“Dolman? But that’s not right.” The hand in his flexed, balled into a little fist of nerves. “I’m not supposed to be on Dolman Island. Oh, damn it. Damn it! It’s my fault. I wasn’t specific with the boy. He seemed to know where I was going, was supposed to be going. Or maybe he got turned around in the storm, too. I hope he’s all right.”
She paused, looked around, sighed. “Not just fired,” she murmured. “Disinherited, banished, and mortified all in one morning. I guess all I can do is go back to the hotel and wait to face the music.”
“Well, it won’t be today.”
“Excuse me?”
Conal looked out to sea, studying the crashing wall of waves. “You won’t find your way back today, and likely not tomorrow, as there’s more coming our way.”
“But—” She was talking to his back as he walked inside as though he hadn’t just sealed her doom. “I have to get back. She’ll be worried.”
“There’ll be no ferry service in these seas, and no boatman with a brain in his head would chance the trip back to the mainland.”
She sat on the arm of a chair, closed her eyes. “Well, that caps it. Is there a phone? Could I use your phone to call the hotel and leave a message?”
“The phones are out.”
“Of course they are.” She watched him go to the fire to add some bricks of turf. Her clothes hung on the screen like a recrimination. “Mr. O’Neil?”
“Conal.” He straightened, turned to her. “All the women I undress and put into bed call me Conal.”
It was a test, deliberately provocative. But she didn’t flush or fire. Instead her eyes lit with humor. “All the men who undress me and put me into bed call me Lena.”
“I prefer Allena.”
“Really? So do I, but it seems to be too many syllables for most people. Anyway, Conal, is there a hotel or a bed-and-breakfast where I can stay until the ferry’s running again?”
“There’s no hotel on Dolman. It’s a rare tourist who comes this far. And the nearest village, of which there are but three, is more than eight kilometers away.”
She gave him a level look. “Am I staying here?”
“Apparently.”
She nodded, rubbing her hand absently over Hugh’s broad back as she took stock of her surroundings. “I appreciate it, and I’ll try not to be a nuisance.”
“It’s a bit late for that, but we’ll deal with it.” When her only response was to lift her eyebrows and stare steadily, he felt a tug of shame. “Can you make a proper pot of tea?”
“Yes.”
He gestured toward the kitchen that was separated from the living area by a short counter. “The makings are in there. I’ve a few things to see to, then we’ll talk this out over a cup.”

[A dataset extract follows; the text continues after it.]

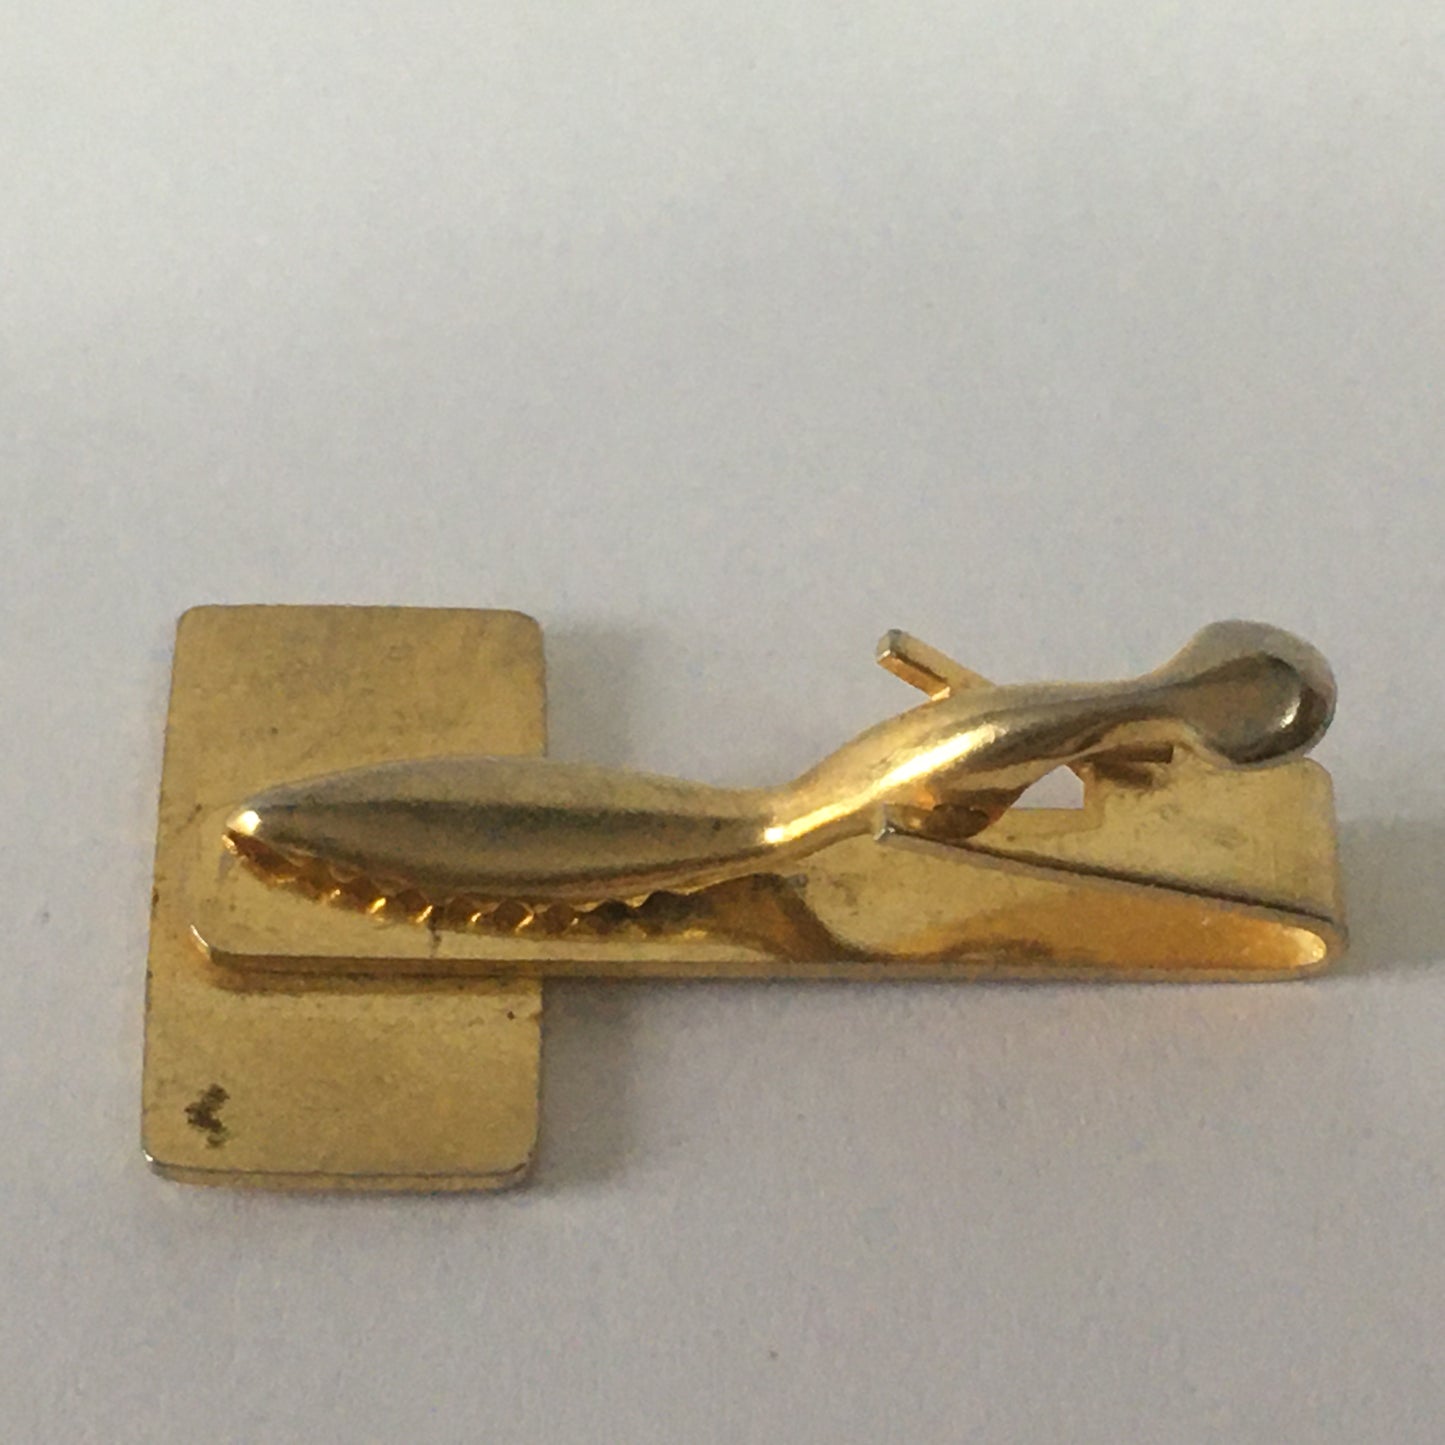 Ferrari Tie Clip in Gold Colored Metal with Enamelled Ferrari Emblem

“Fine.” The word was rigidly and properly polite. Only the single gunshot bang of a cupboard door as he started out again told him she was miffed.

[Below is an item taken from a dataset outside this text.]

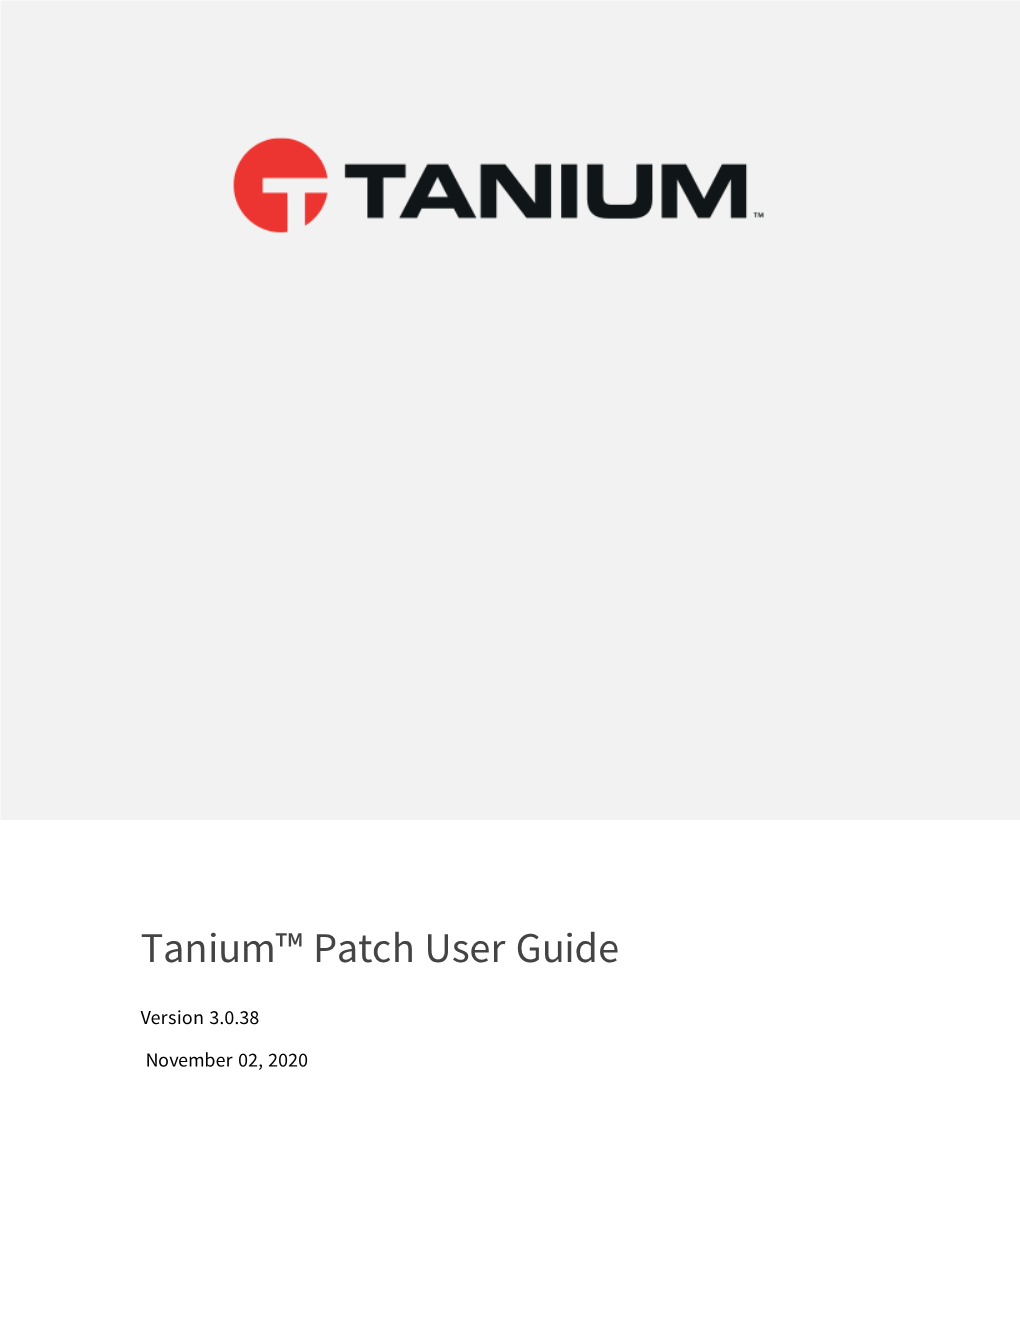 Tanium Patch User Guide

She’d make the damn tea, she thought, jerking the faucet on to fill the kettle, which was no easy matter since the cast-iron sink was loaded with dishes. And she’d be grateful for Conal O’Neil’s hospitality, however reluctantly, however rudely given.
Was it her fault she’d ended up on the wrong island? Was it her fault she’d gotten turned around in a storm and passed out and had to be carted back to his house? Was it her fault she had nowhere else to go?
Well, yes. She rolled her eyes and began to empty the dishes out of the sink so that she could fill it with soapy water and wash them. Yes, technically it was her fault. Which just made it all the more annoying.
When she got back to New York she would be jobless. Again. And once more she’d be the object of pity, puzzlement, and pursed lips. And that was her fault, too. Her family expected her to fail now—flighty, scatterbrained Lena.
Worse, she realized, was that she expected it, too.
The problem was she wasn’t particularly good at anything. She had no real skill, no craft, and no driving ambitions.
She wasn’t lazy, though she knew Margaret would disagree. Work didn’t frighten her. Business did.
But that was tomorrow’s problem, she reminded herself as she dealt with the dishes and waited for the kettle to boil. Today’s problem was Conal O’Neil and how to handle the situation she’d put them both into.
A situation, she thought, as she went about stacking dishes, wiping counters, heating the teapot, that should have been thrilling. A storm-swept island; a handsome, brooding man; a cozy, if rustic, cottage isolated from the world.
This, she decided, perking up, was an adventure. She was going to find a way to enjoy it before the axe fell.